First, we don’t have unlimited confidence in our own guesswork, so we keep about a third of our family wealth in Chris Mayer’s Woodlock House Capital Fund. Chris is smarter than we are. He buys quality stocks and sticks with them. Good companies produce real wealth. Over the long, long run, owning them will pay off.
Second, we have another third in cash, gold, and energy. In the short run…which could be 10–20 years…there are problems to be reckoned with. How it will all shake out, we don’t know. So we keep some physical gold, some gold stocks, and some coins. We don’t regard gold as an ‘investment’. It’s simply a way to hold wealth for future generations. Perhaps, someday, gold will be upstaged by some form of cryptocurrency. In the meantime, we’ll stick with the yellow metal.
Energy, on the other hand, is an investment. We expect fossil fuel providers to do well as governments try to put them out of business.
Third, we have the rest of our money in quirky investments that we’re almost too embarrassed to mention. Property, for example. Business start-ups. A marble company in Latin America. A book publisher in England. A little of this…a little of that.
In one portfolio, we choose the worst performing stock markets in the world…and buy them. We know nothing about them. We are simply relying on ‘regression to the mean’ to bring them back to normal.
Has it worked? Yes…and no. Russia, for example, was one of the worst stock markets in 2021. So we bought it for 2022. Disaster! There are always surprises…most of them, unwelcome.
We are also buying farmland in South America. This is a fluky situation, too, more of an adventure than a real investment.
Cropland varies greatly in price and productivity. In this (relatively poor) region of France, it goes for about US$5,000 an acre.
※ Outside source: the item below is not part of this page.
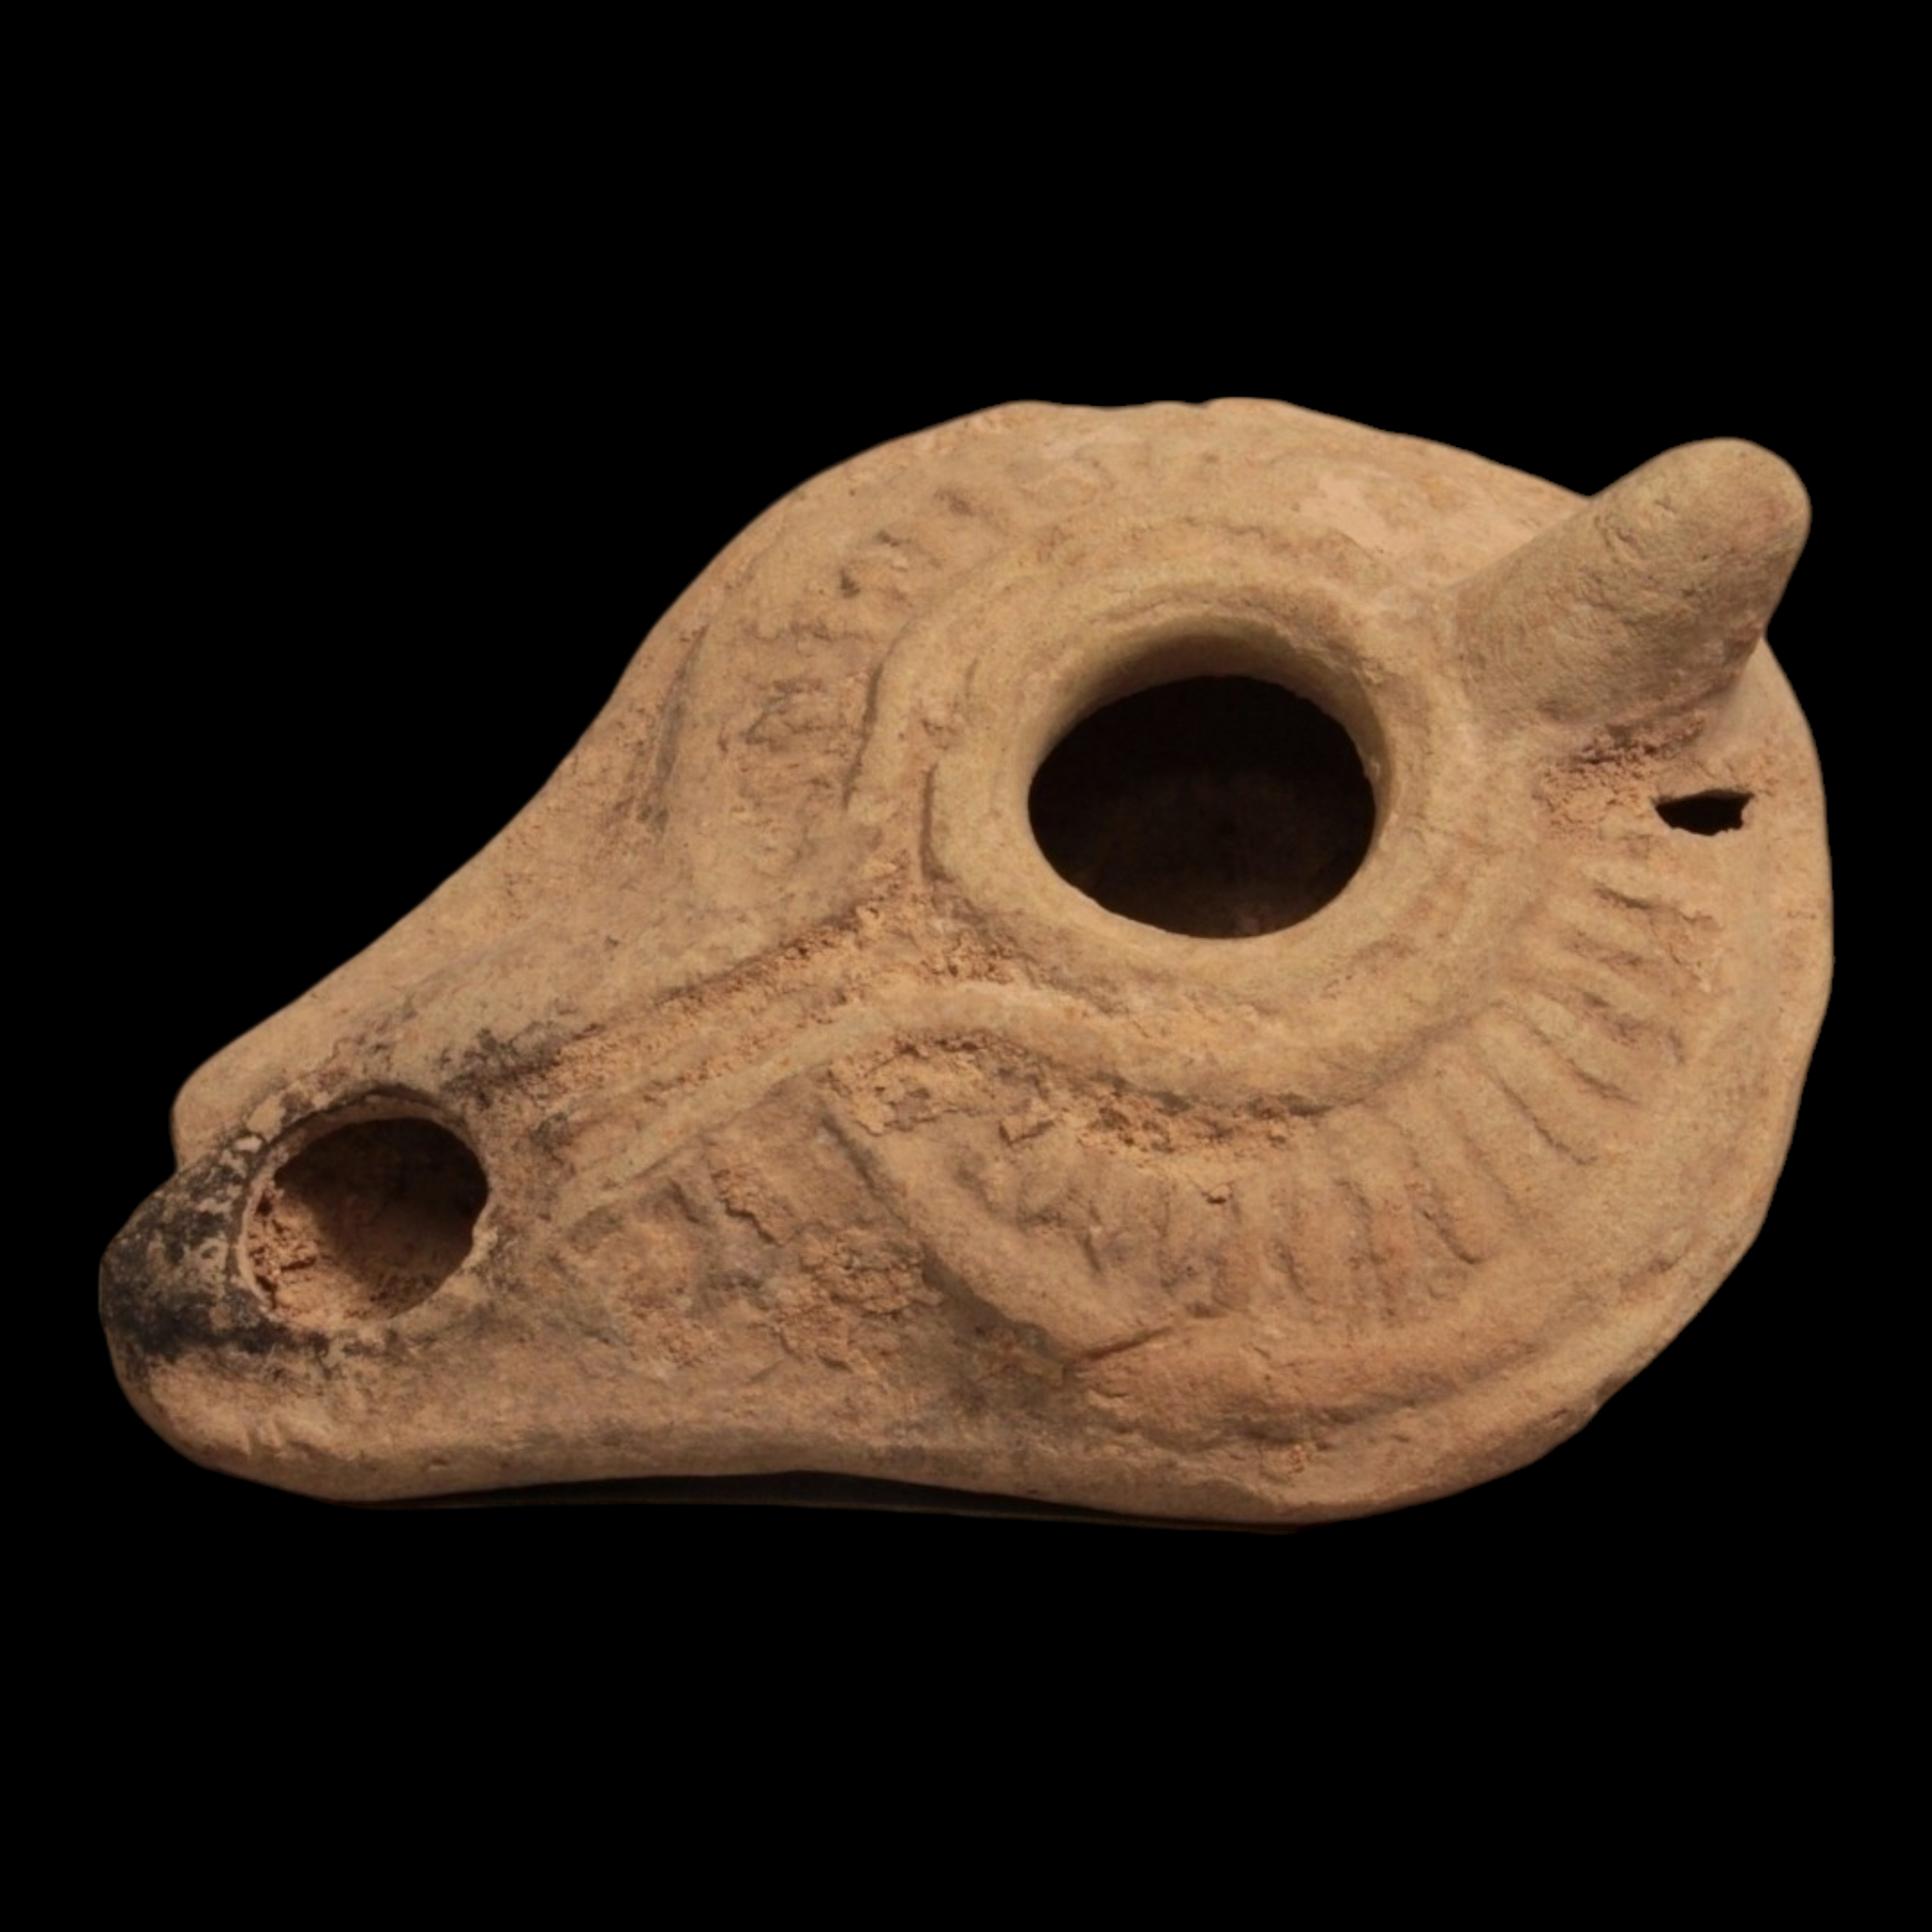 Late Roman Oil Lamp, 3.2 inch - c. 100 to 476 CE - Middle East

In Midwest US, it’s more like US$10,000 an acre. In Ireland, it can go for US$20,000 an acre. But in Bolivia, a large tract of cultivable land will sell for US$1,200/acre. Given likely assumptions about crop prices, fuel, fertiliser, labour, etc., we can project a 10% return on investment.
The odds of an ignorant foreigner, like us, actually making this work are very slim. And we certainly wouldn’t advise anyone else to try it. But we’ve been raising cattle in Argentina (at a loss!) for more than 15 years…and every year we learn a little more…and every year we think we’ve finally got it figured out.
So we’re not going to stop now! Not when we are getting so close.